Continuous Integration (CI)
What it is: Developers merge code changes into a shared repository frequently, with each change automatically built and tested.
The process:
- Developer pushes code
- CI system automatically:
- Builds the code
- Runs tests
- Reports results
- If anything fails, the team is notified immediately
Benefits:
- Catch bugs early
- Prevent integration nightmares
- Always have working code
Continuous Deployment (CD)
What it is: Every code change that passes tests is automatically deployed to production.
Continuous Delivery vs. Continuous Deployment:
- Delivery: Automated up to staging; manual approval for production
- Deployment: Fully automated, including production
The CI/CD Pipeline
A typical pipeline:
Code Push → Build → Test → Review → Deploy to Staging → Deploy to Production
Stages
1. Source Code pushed to repository triggers the pipeline.
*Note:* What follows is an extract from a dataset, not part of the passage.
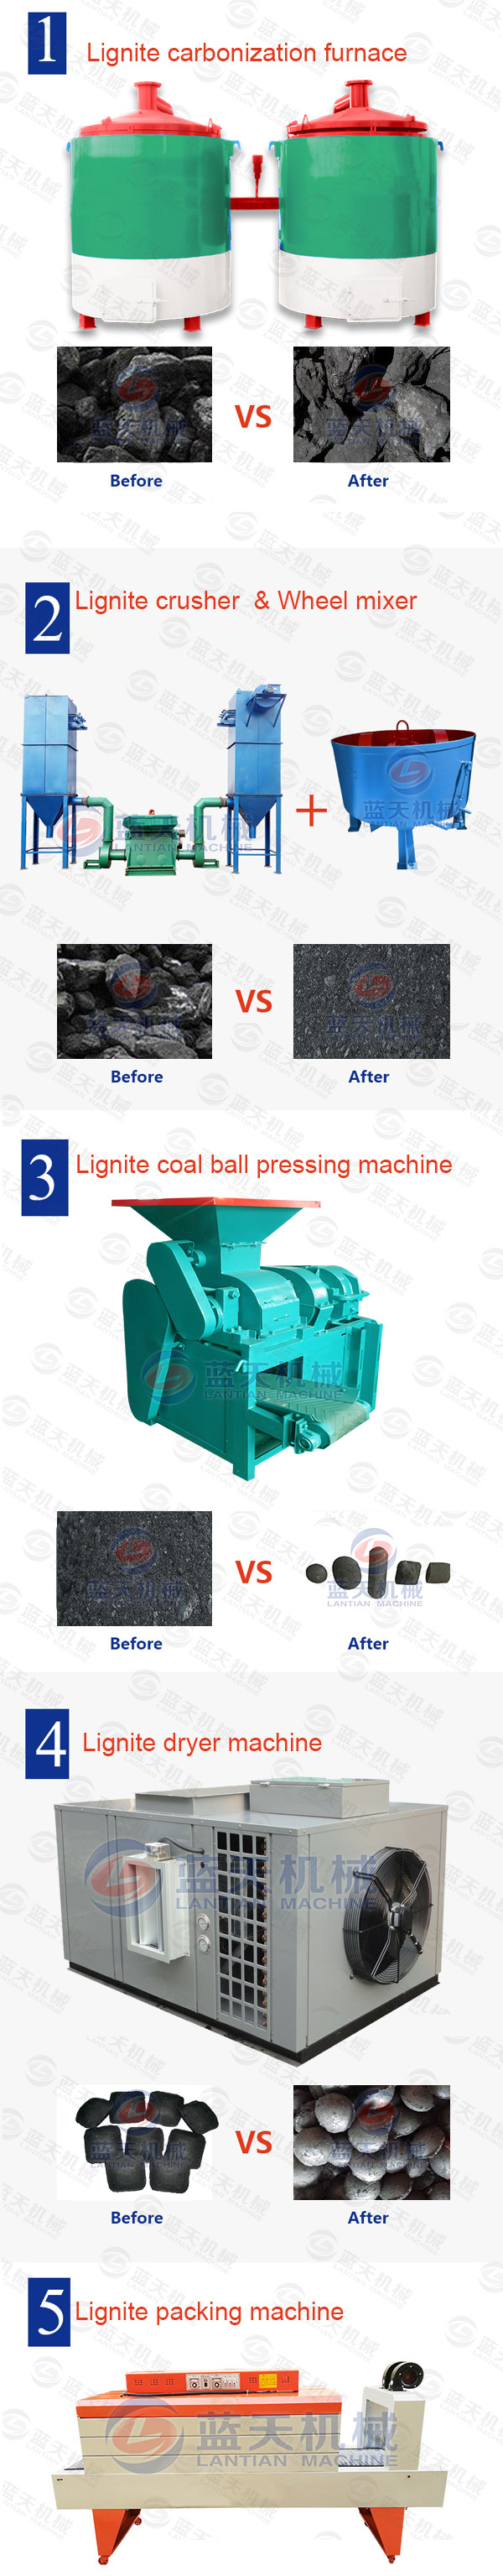 Lignite Coal Ball Pressing Machine

2. Build Compile code, install dependencies, create artifacts.
3. Test
- Unit tests
- Integration tests
- End-to-end tests
- Security scans
- Linting/code quality
4. Deploy to Staging Release to a test environment.
5. Deploy to Production Release to live users (automatic or manual approval).
CI/CD Tools
Popular Platforms
- GitHub Actions: Built into GitHub, generous free tier
- GitLab CI: Built into GitLab
- CircleCI: Cloud-based, powerful
- Jenkins: Self-hosted, highly customizable
- Travis CI: Simple, GitHub-integrated
Cloud Provider Options
- AWS CodePipeline
- Azure DevOps
- Google Cloud Build
Example: GitHub Actions
name: CI
on: [push]
jobs:
build:
runs-on: ubuntu-latest
steps:
- uses: actions/checkout@v3
- uses: actions/setup-node@v3
- run: npm install
- run: npm test
- run: npm run build
CI/CD Best Practices
Fast Feedback
Keep pipelines quick. Slow pipelines slow everyone down.
Test Everything
Automated tests are the backbone of CI/CD confidence.
Small, Frequent Changes
Many small changes are safer than rare large ones.
Treat Pipeline as Code
Version control your pipeline configuration.
Monitor and Alert
Know immediately when things break.
Feature Flags
Deploy code without enabling features, then enable gradually.